Maka dari itu agak heran dengan sebagian orang yang menjadikan shalat tahajud sebagai tantangan, yang padahal sama sekali bukan.
Beberapa orang tidur larut malam kemudian menantang diri mereka sendiri dalam keadaan mengantuk luar biasa untuk melaksanakan tahajud. Padahal itu sangat tidak dianjurkan.

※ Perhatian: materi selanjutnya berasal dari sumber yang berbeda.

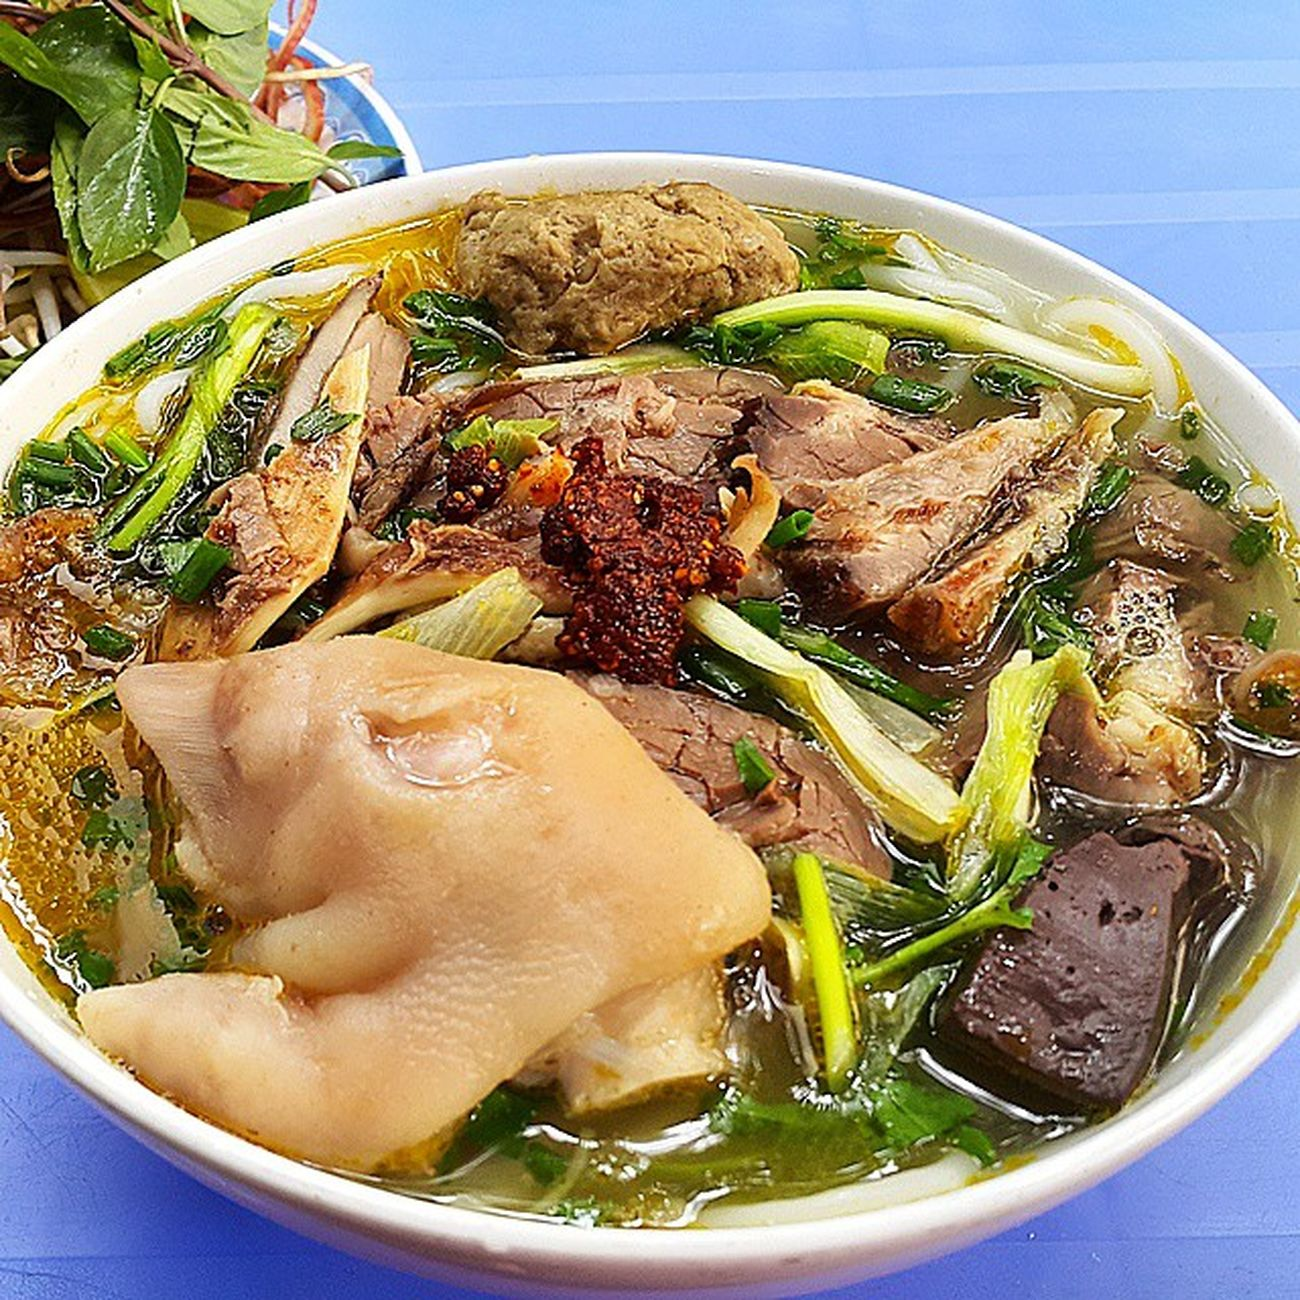 Bún bò Huế. Fuckinawesome Vietnamesefood Vietnam Food Delicious Yummy Beo Noquá

Bahkan Rasulullah saw., itu sendiri yang menyuruh umat beliau agar tidur dan tidak menyiksa diri mereka sendiri dengan rasa kantuknya meski untuk bangun shalat malam.
“Ketika salah seorang di antara kamu mengantuk dalam shalat, maka tidurlah agar dia mengetahui apa yang dibacanya.”
(HR. Bukhori)
Sayangnya, banyak orang yang menuduh orang tidur sebagai orang malas dan cenderung mengganggu tidur sebagian orang. Perlu kita ketahui, tidur dan malas adalah dua hal yang jauh berbeda.
Lihatlah negara maju yang begitu menghargai waktu istirahat seseorang. Karena tentu saja, orang tidak akan menghakimi seseorang sebagai orang malas kecuali dirinya sendiri yang benar-benar malas.
Hingga saat ini, saya tidak pernah menanggap orang tidur sebagai orang malas, bahkan cenderung berusaha tidak mengeluarkan suara saat melewati orang yang tidur, meski hanya satu orang.
Ke depan saya insyaAllah akan bagikan beberapa pengalaman ujian hidup saya dan saya akan coba bagikan juga bagaimana Allah Ta’ala pada akhirnya mengangkat ujian hidup tersebut. Ada ujian yang sebentar dan ‘ringan’, ada yang menahun tapi tidak intens, dan ada yang ‘hanya’ dalam hitungan bulan namun cukup untuk membuat saya tidak dapat bangkit dari tempat tidur.
Wallahu A’lam Bishshawaab.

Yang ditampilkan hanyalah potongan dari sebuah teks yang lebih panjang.